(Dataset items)
******************************

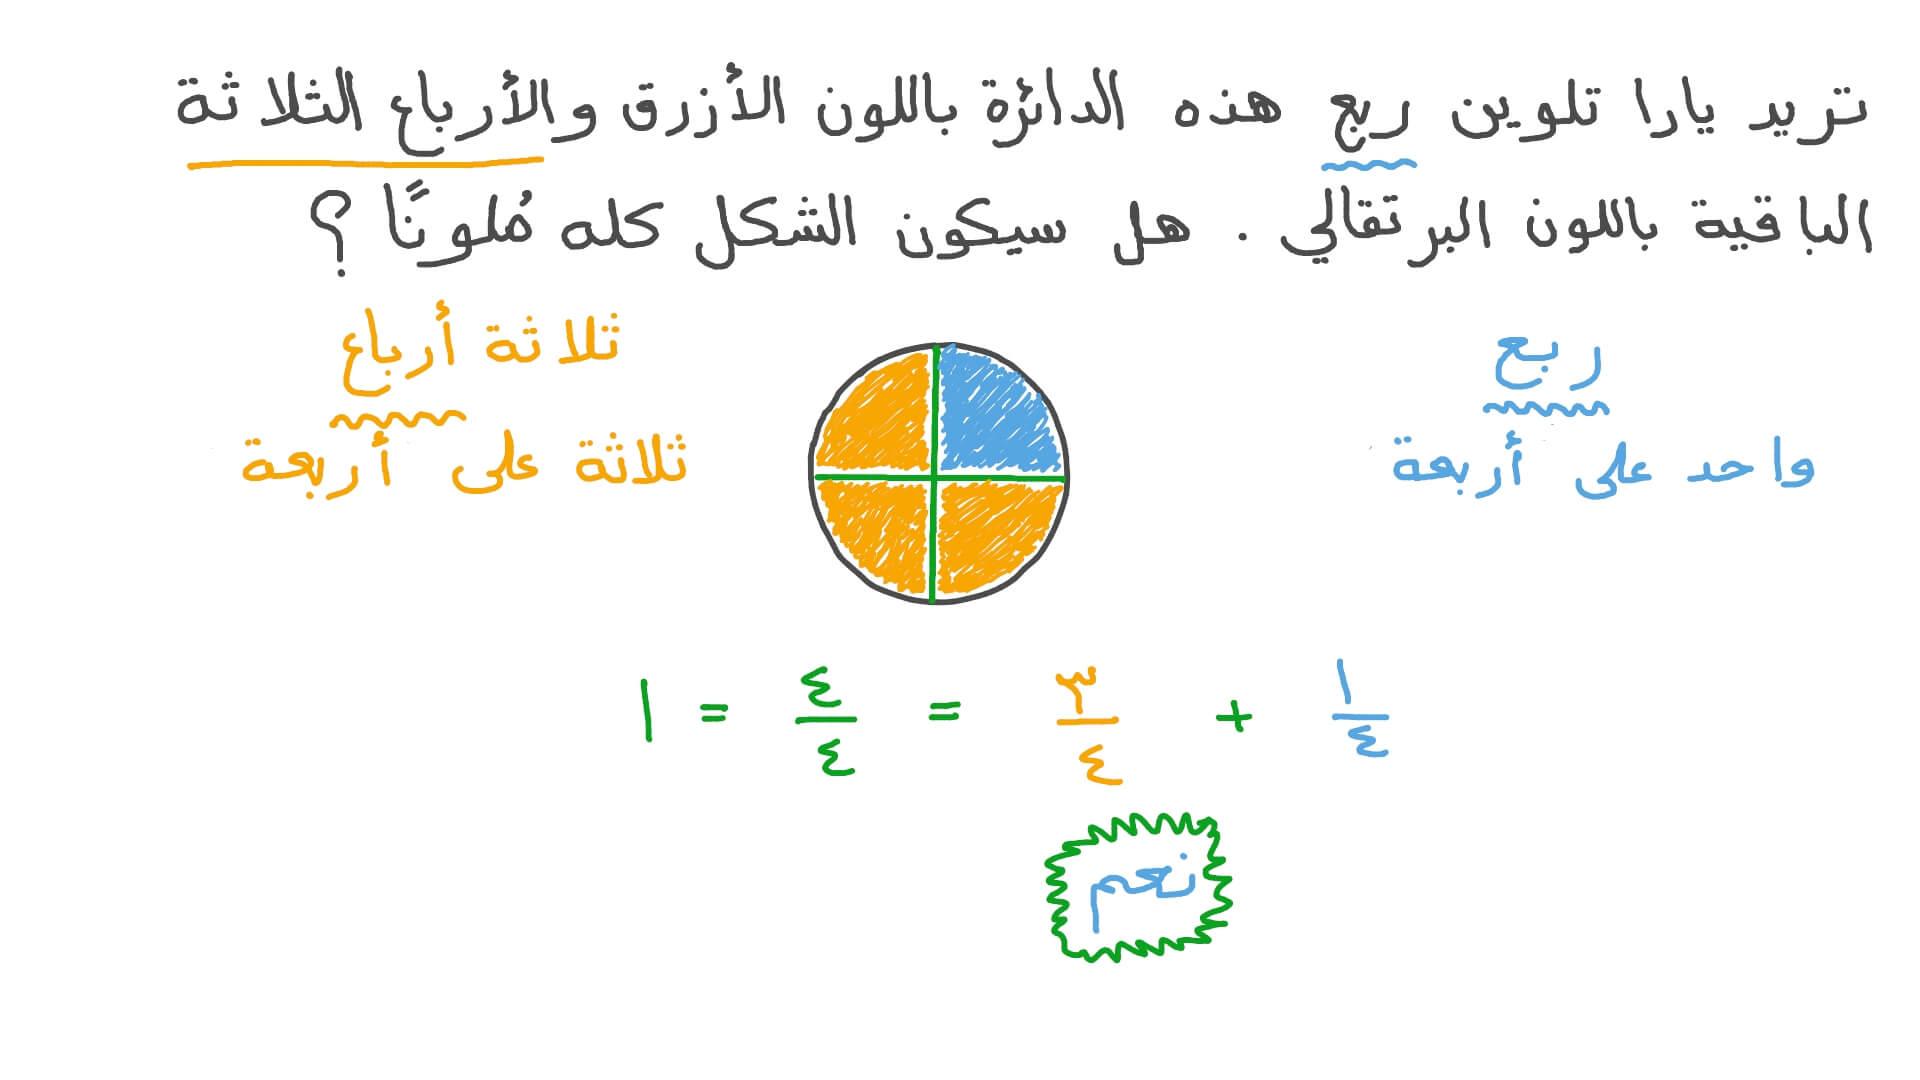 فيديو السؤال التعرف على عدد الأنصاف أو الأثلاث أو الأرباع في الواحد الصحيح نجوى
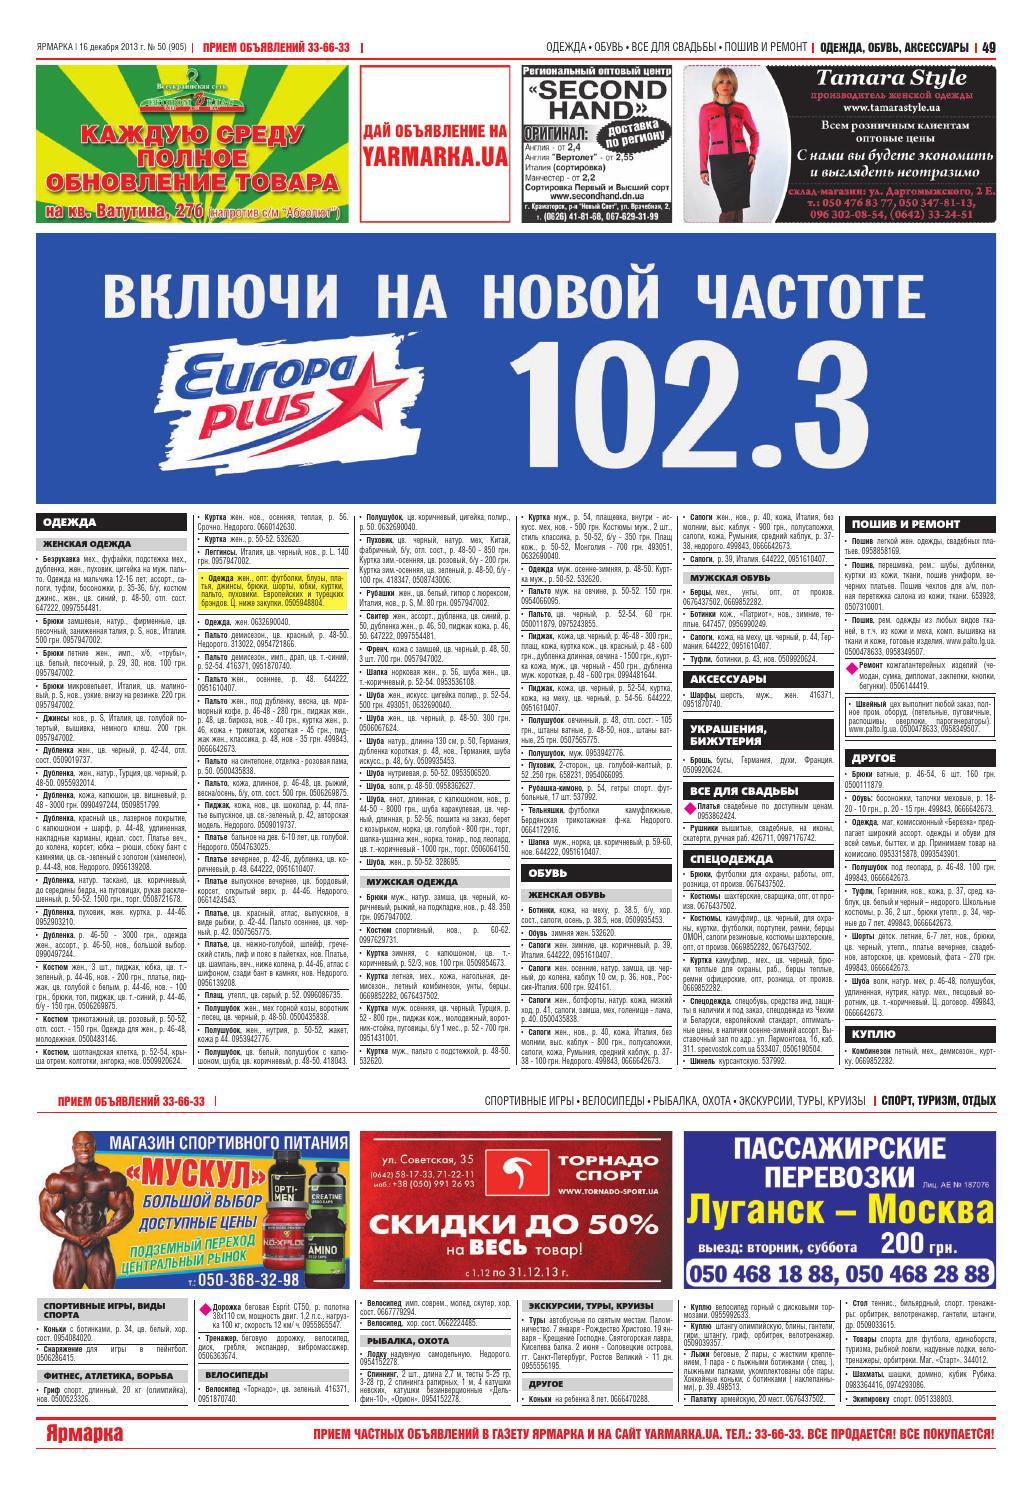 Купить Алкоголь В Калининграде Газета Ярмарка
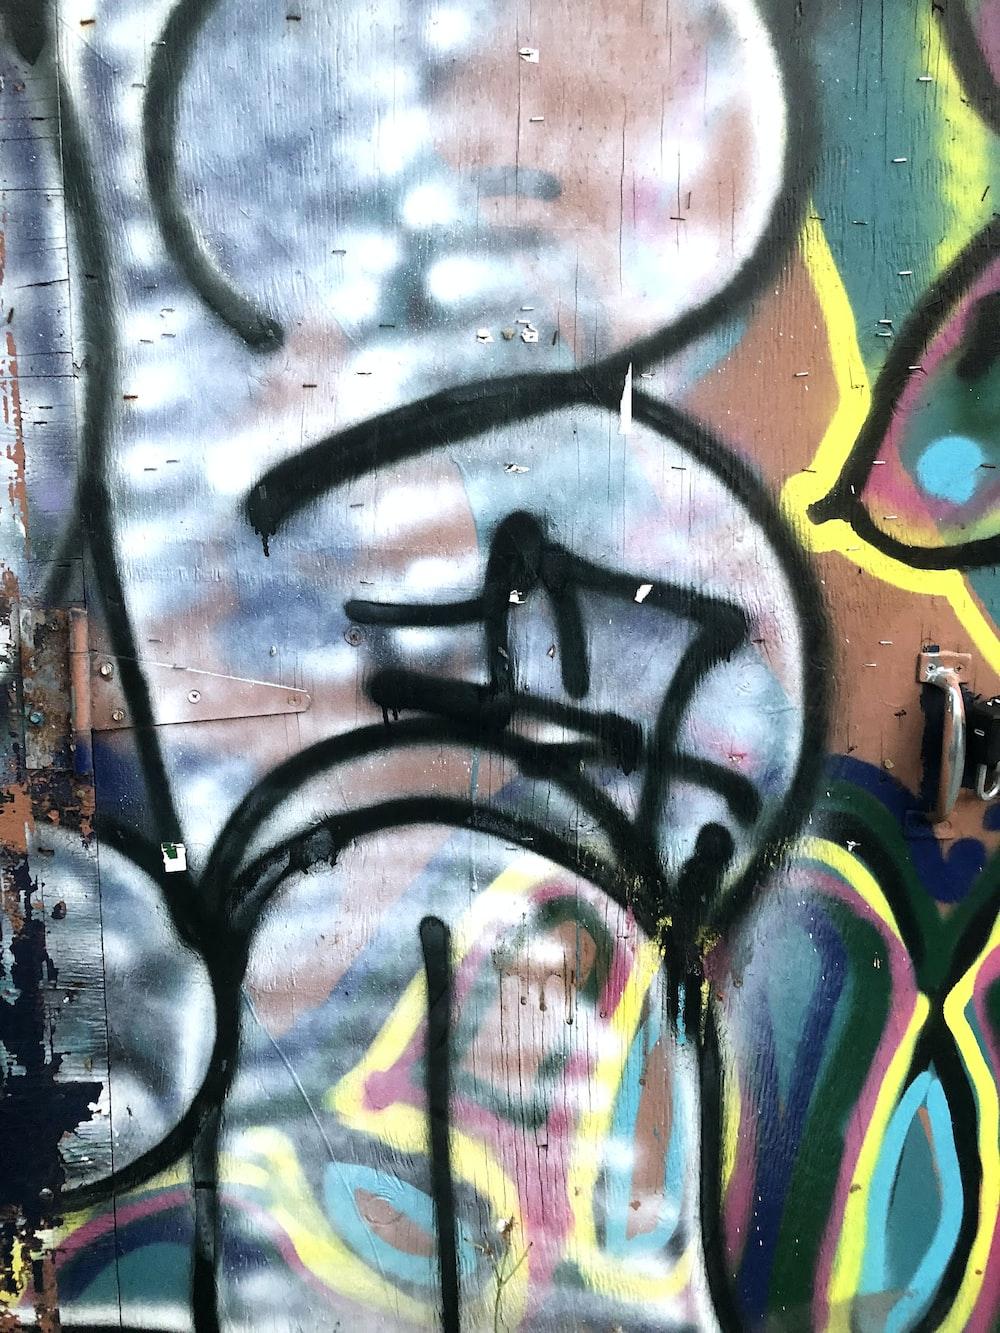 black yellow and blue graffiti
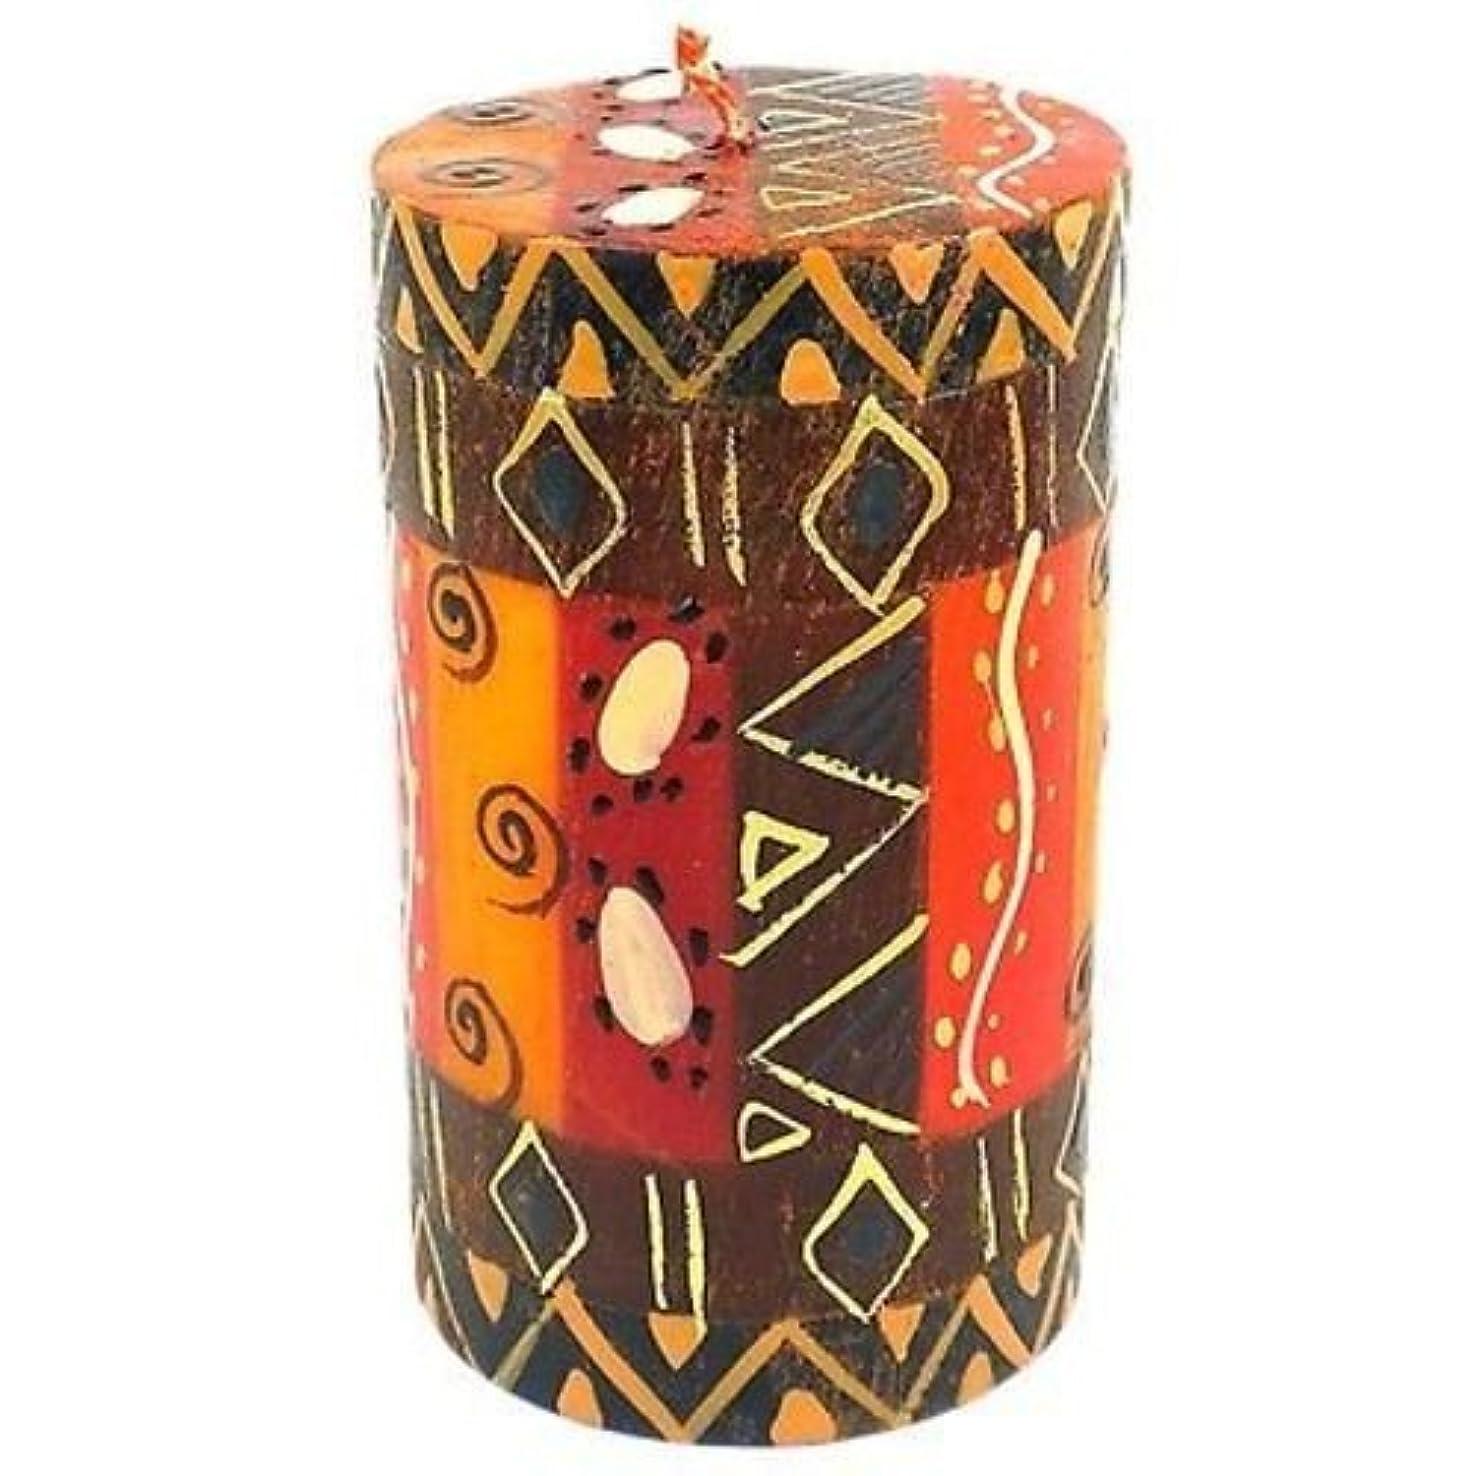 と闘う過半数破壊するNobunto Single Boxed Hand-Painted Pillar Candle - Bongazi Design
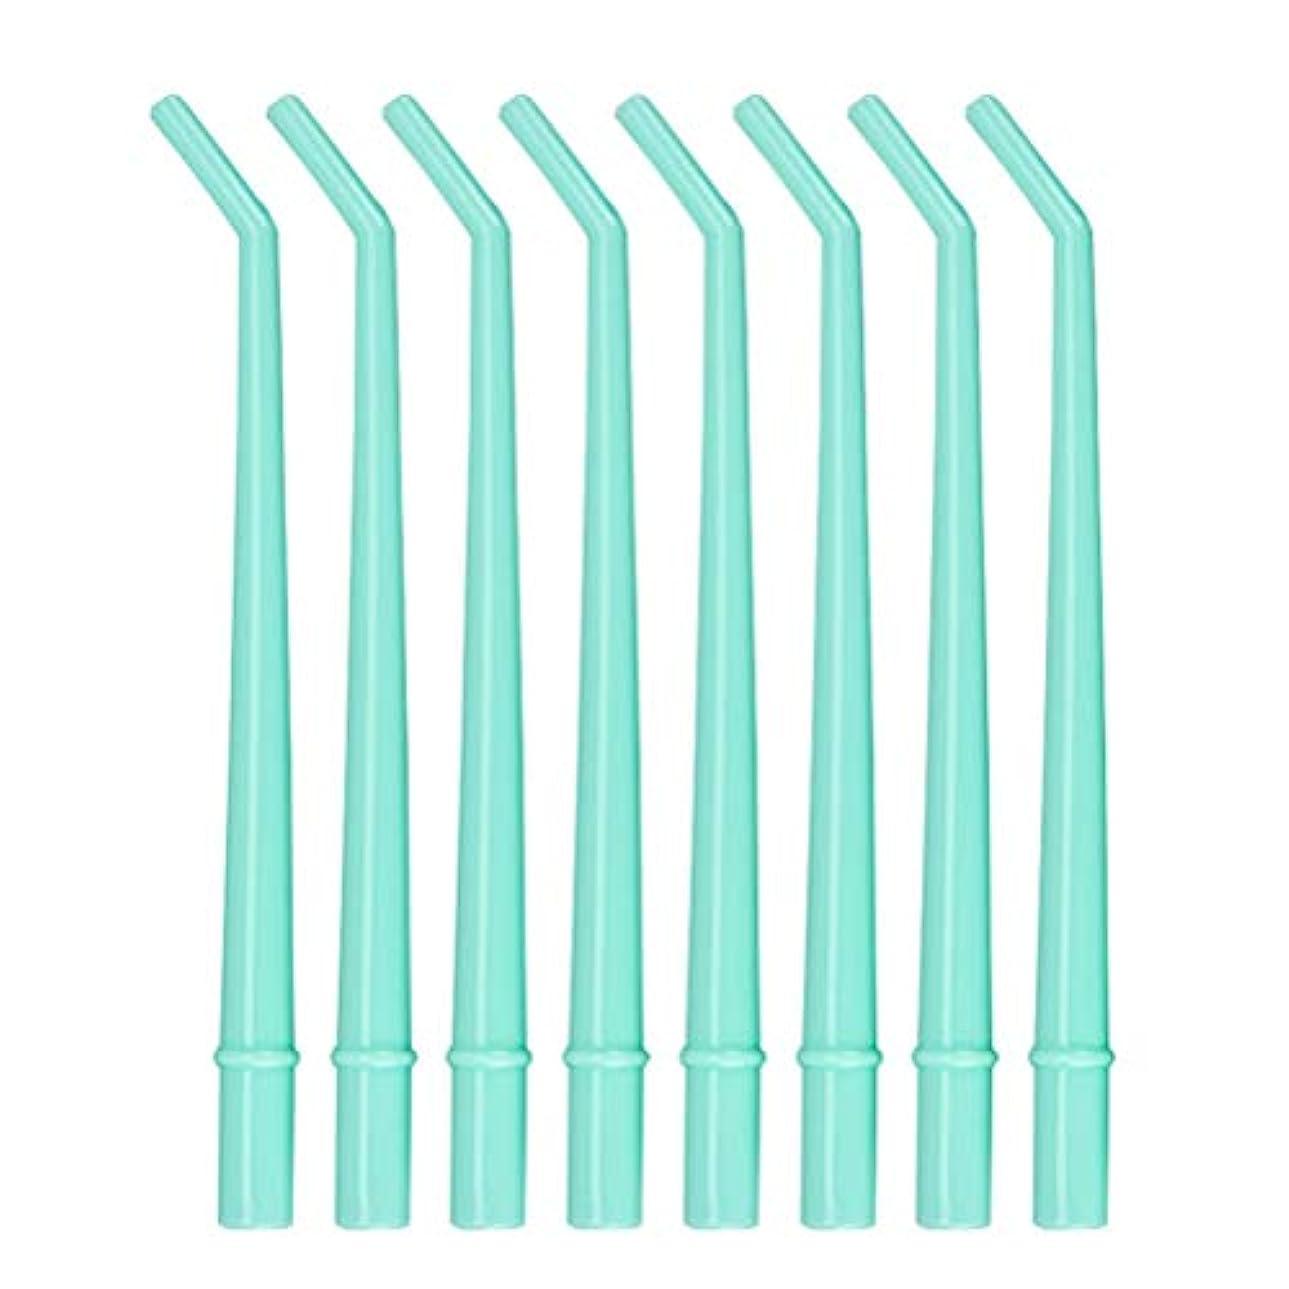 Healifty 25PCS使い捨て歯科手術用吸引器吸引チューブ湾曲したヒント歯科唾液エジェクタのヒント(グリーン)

******************************

(TASK DIRECTIONS):
Could you set down, exactly as written, every line from the one with "black yellow and blue graffiti" to the end of the data, both ends included? Leave out the pictures.

(RESPONSE AREA):
 black yellow and blue graffiti
 と闘う過半数破壊するNobunto Single Boxed Hand-Painted Pillar Candle - Bongazi Design
 Healifty 25PCS使い捨て歯科手術用吸引器吸引チューブ湾曲したヒント歯科唾液エジェクタのヒント(グリーン)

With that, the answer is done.